As we move forward, we will provide ways to separate your legacy and modern products so that the modern products can still receive updates, and legacy products can still be used. We'll have more details in May. Separating the legacy and modern devices will essentially have two Sonos systems in your home, they won’t be able to group or play together, but they’ll both be controllable separately.

Modern devices will of course keep on updating and get new features.

Another option you’ll have in May is to set your whole system as Legacy. The modern devices will stay as part of the legacy software and won’t receive future updates, but you’ll be able to group everything together as you currently do.

That’s very disappointing to hear. Would Sonos be willing to reconsider this based off customer feedback? 


The team is listening to all your feedback, but I can’t speak to if any changes may happen. This end of software support is happening because of hardware limitations. 


And is Sonos already considering what to do after the next Legacy round? In a few years when at least Play:3 and likely also Playbar, Play:1 and possibly Sub are put into Legacy mode, will people need to control 3 separate systems (Legacy 1, Legacy 2 and Modern)? 
 

And will ‘no grouping’ of separate systems then also mean ‘no bonding’ in surround or with sub? 

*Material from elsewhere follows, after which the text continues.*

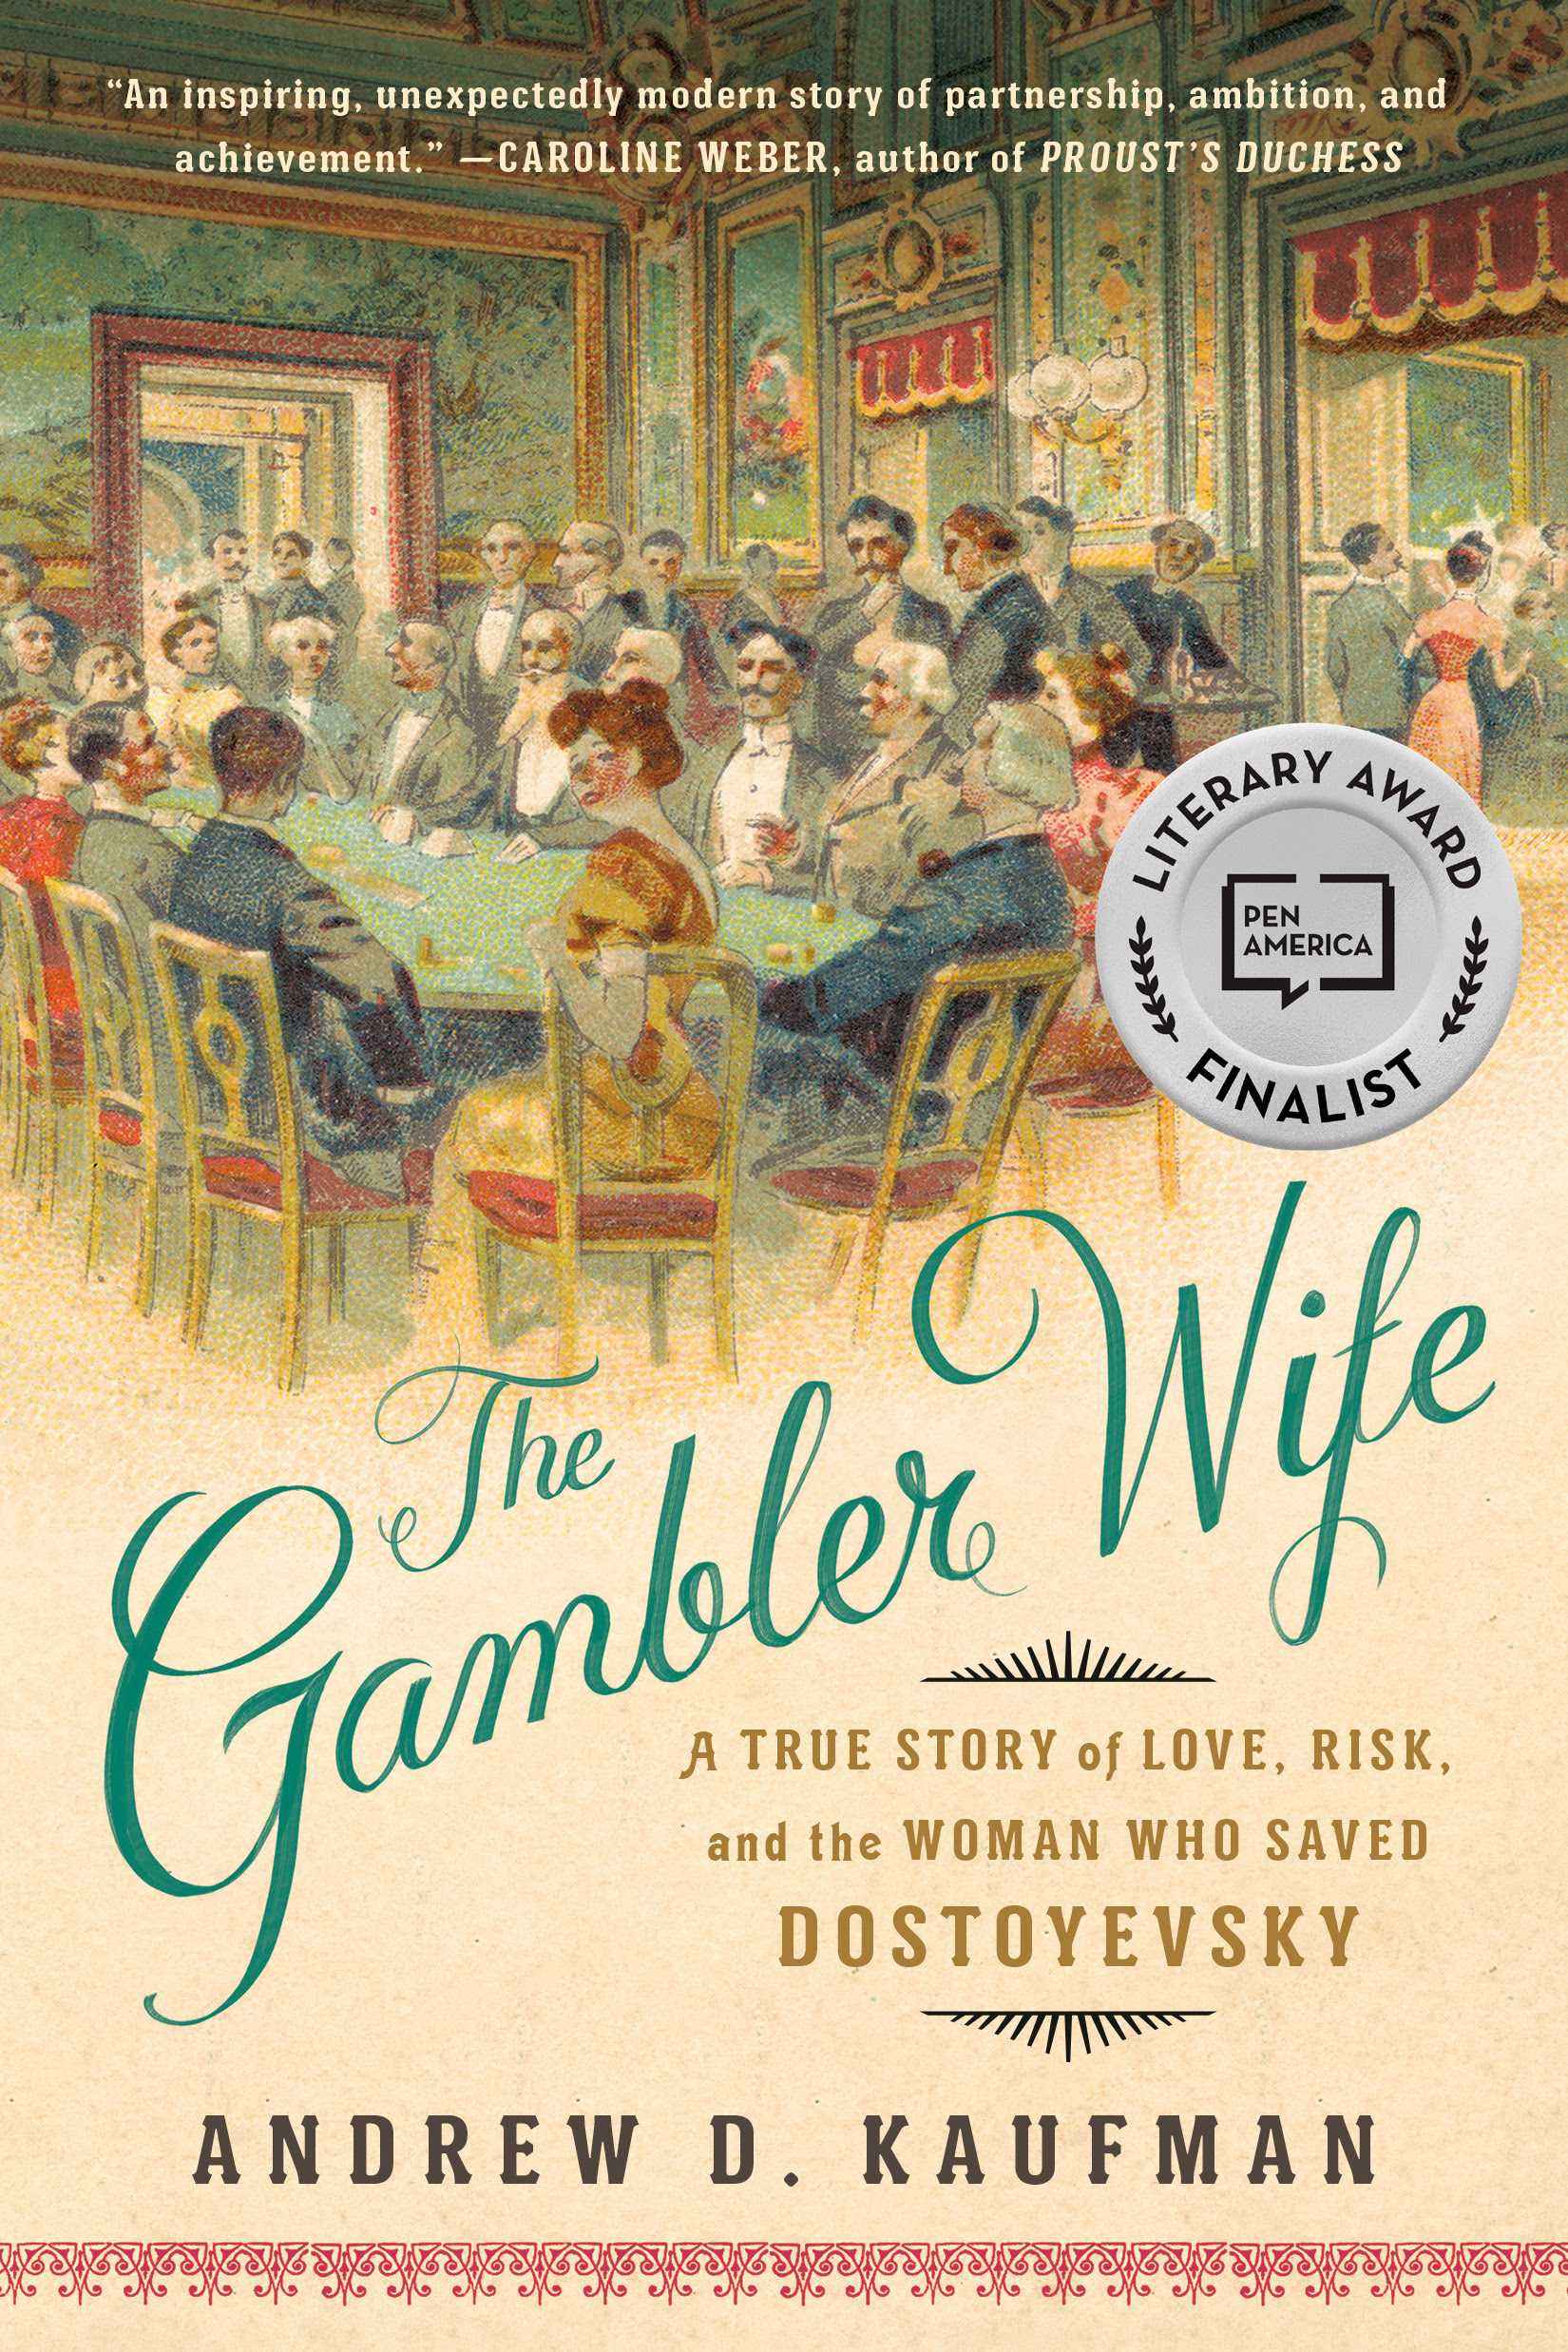 The Gambler Wife by @andrewdkaufman

The software team I’m sure has considered what might happen if we need to do this again, but I don’t have any details to share on that in particular. Currently, we have no plans to end software updates for any other products. This legacy move quite literally doubles the amount of memory they have to work with on Sonos devices, which will significantly opens up some options. 

 

And will ‘no grouping’ of separate systems then also mean ‘no bonding’ in surround or with sub? 

I would answer most likely with the current process in mind. But the only device currently moving to legacy that is capable of being a surround speaker is the Connect:Amp, which had to be wired into the main device since it’s lacking the 5GHz needed for our surround sound configuration. As to what this all might look like in the future is hard to say.